March 2, 2026

Prologue in Sermons: March 2


It is a Sin to Judge Others

March 2

(The Teaching of Saint Athanasios, Not to Condemn Everyone Who Sins.)

By Archpriest Victor Guryev

We ought not to judge others, first, because the human heart is deep as the sea, and the inner dispositions of the heart are known to God alone; second, because in judging our neighbor we can almost always be mistaken; and finally, third, because over us all there is one true Judge — God — and we ourselves are not judges, but those under judgment.

Saint Athanasios says:*

“Let us reflect, brethren, on the Lord who says: 'Judge not, that you be not judged.' And again the Apostle teaches us, saying: 'Let him who thinks he stands take heed lest he fall.' And again: 'Take heed to yourself, lest you also be tempted.'

Many have sinned openly, but secretly repented, and received forgiveness and accepted the Holy Spirit. And many of those whom we consider sinners are righteous before God. We have seen their sins, but we do not know that they have repented.

You knew the jester Philemon in Egypt. He was considered a sinner, yet once he accomplished so great a deed that he became equal to the Great Makarios. Therefore, if we see those who sin, let us not condemn them. Sometimes the one whom we condemn may walk ten steps away, and in that short time he may change for the better.

Judas the betrayer on Thursday was with Christ and the Apostles, and the thief was crucified among murderers. Yet on Friday Judas went into outer darkness, while the thief entered paradise with Christ.

Therefore it is not fitting to condemn one who has sinned and thereby seize for oneself the rank of Christ; and he who condemns becomes like the antichrist. But if we ourselves are judged, that is another matter: being innocently condemned, we shall then receive forgiveness of sins from the Lord.
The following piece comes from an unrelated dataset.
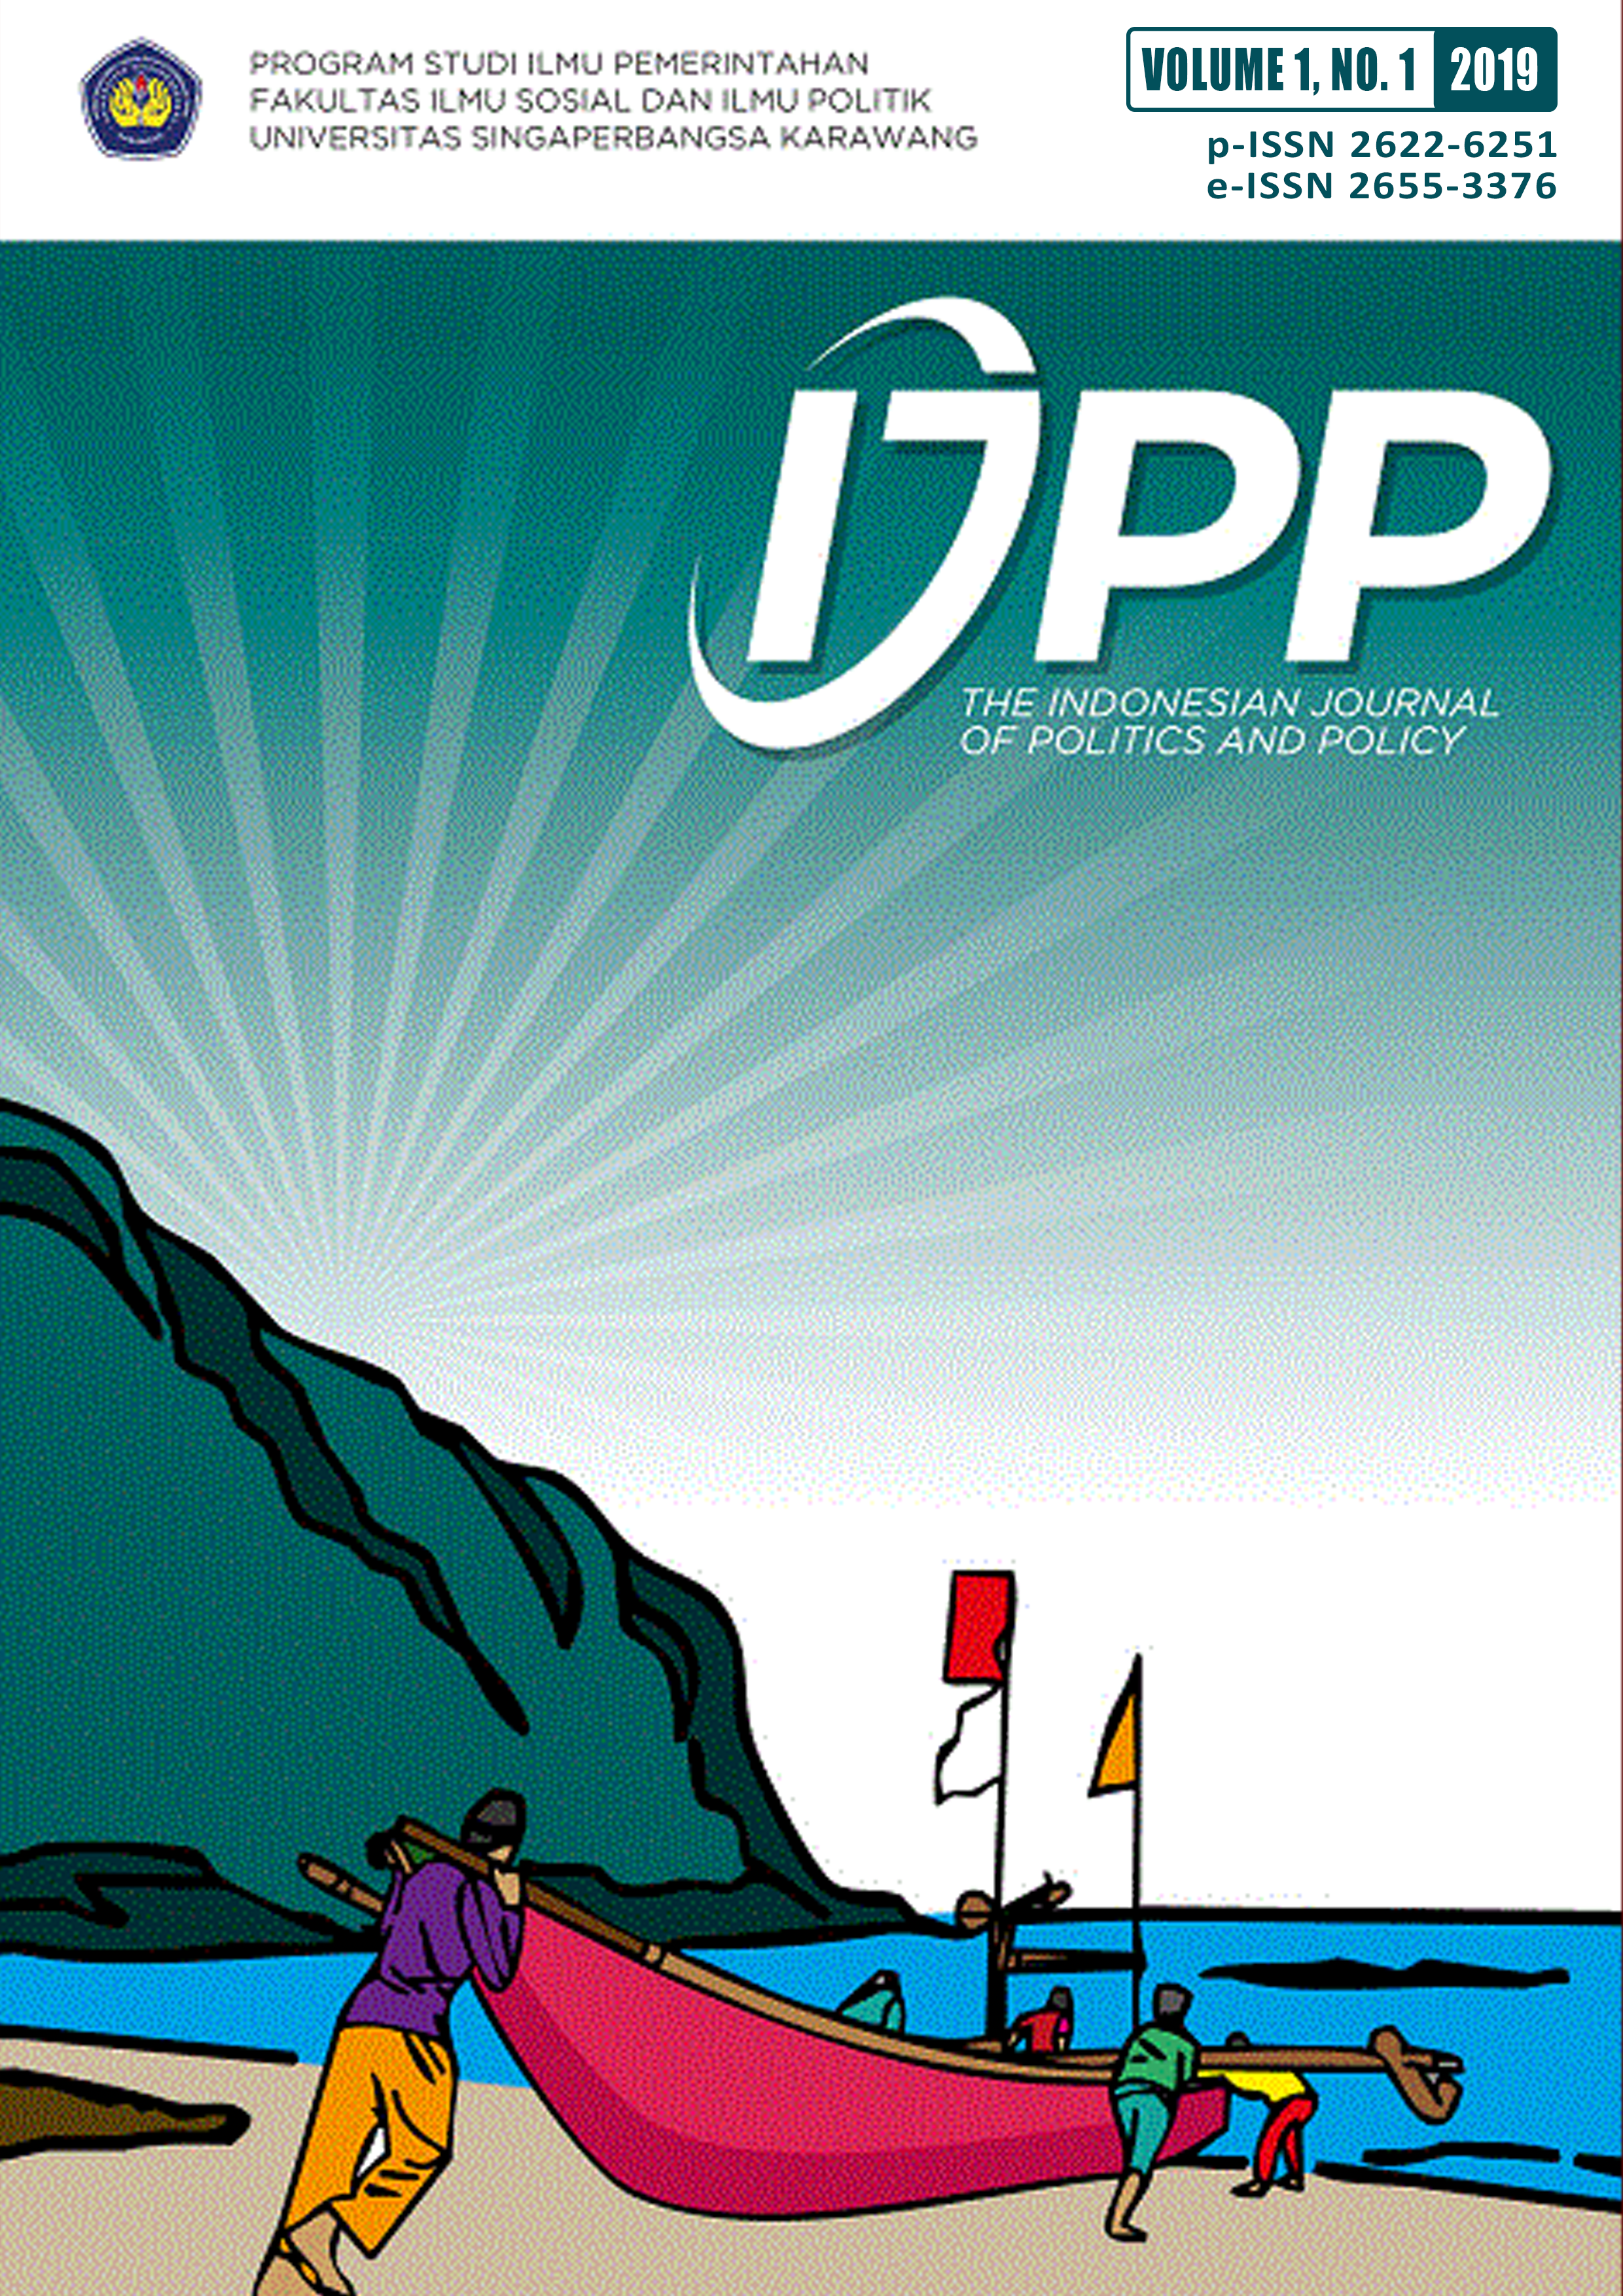 					Lihat Vol 1 No 1 (2019): THE INDONESIAN JOURNAL OF POLITICS AND POLICY

No one, brethren, is without sin — only God alone. Who could have thought that the Lord would forgive such sinners as the harlot, the publican, and King Manasseh, who for fifty-two years served idols and taught all the people of Israel lawlessness? Yet even such a sinner He forgave, and the rest of his time he spent in repentance.

Let us, therefore, brethren, judge ourselves and not others; let us watch ourselves and not others. Is it for us to condemn, when we ourselves are covered from head to foot with the sores of sin, and are ourselves before others worthy of condemnation, punishment, and expulsion from our Father’s house?
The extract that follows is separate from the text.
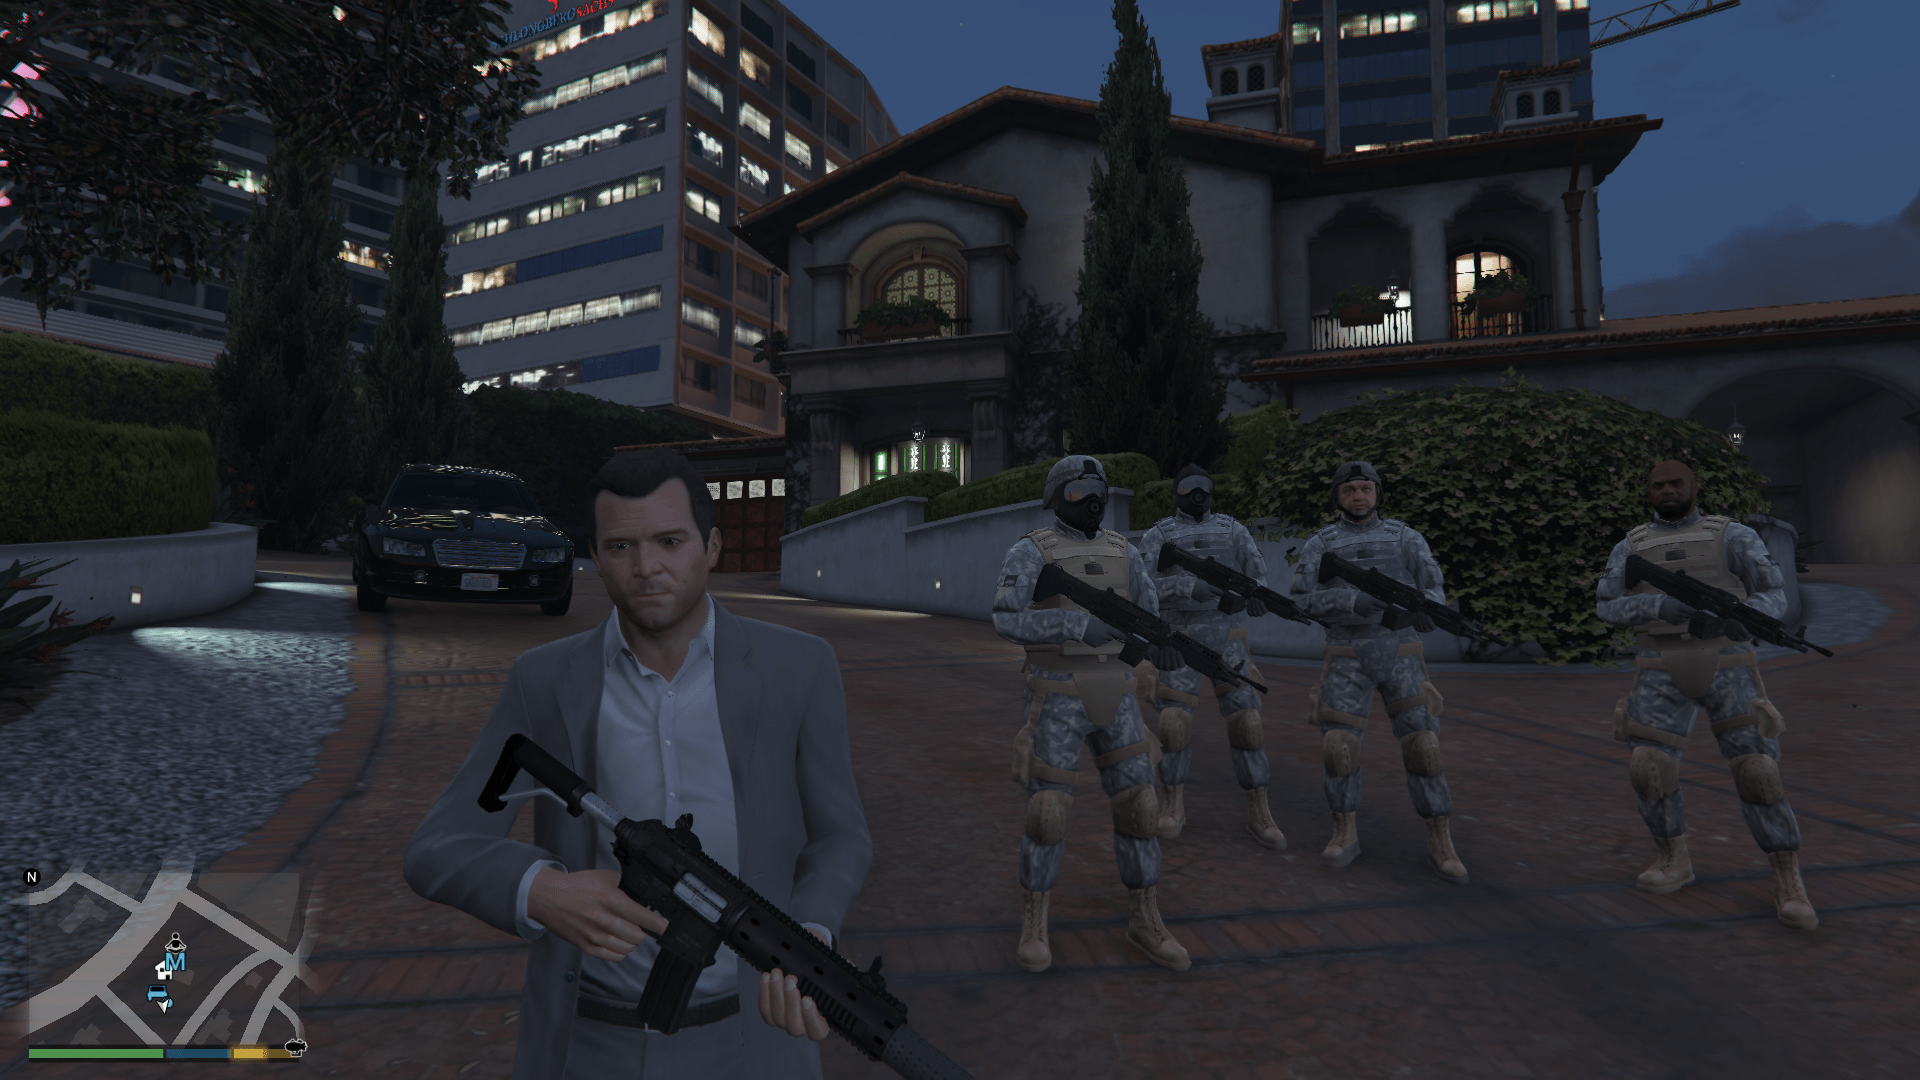 Personal Army (Active bodyguards squads and teams) [.NET] 2.2

Is it for us to condemn, when the sword of God’s justice hangs over our own heads?

Is it for us to condemn, when we who judge others may be ten times or a hundred times worse than they?

No, this is no time for condemnation; rather, in order to escape righteous condemnation at the Judgment of God, we must condemn ourselves and ask for mercy.

Grant me, O Lord, to see my own transgressions and not to judge my brother. Amen.”

Source: Translated by John Sanidopoulos.


Notes: 

* The passage attributed to Saint Athanasios is not from Athanasios of Alexandria. It is in fact a well-known moral exhortation from the Russian ascetical tradition and is most commonly associated with Tikhon of Zadonsk (1724–1783). The structure, pastoral tone, rhetorical questioning, and concluding prayer — “Grant me, O Lord, to see my own transgressions and not to judge my brother” — are characteristic of Tikhon’s homiletic style and frequently appear in his collected spiritual instructions.

In older Russian devotional collections (especially 19th-century printings), patristic sayings were sometimes introduced with “Святый Афанасий говорит…” (“Saint Athanasios says…”) in a loose or edifying sense rather than as a strict historical citation. Over time, such headings were copied forward as formal attributions.

However:

- The anecdote (from the Apophthegmata) of Philemon the jester (скоморох Филимон) in Egypt,

- The moralistic comparison of Judas and the Good Thief,

- The strongly penitential Russian rhetorical cadence,

- And the concluding prayer identical in form to the Lenten Prayer of Saint Ephraim the Syrian,

all indicate Russian homiletic provenance, not 4th-century Alexandrian patristics.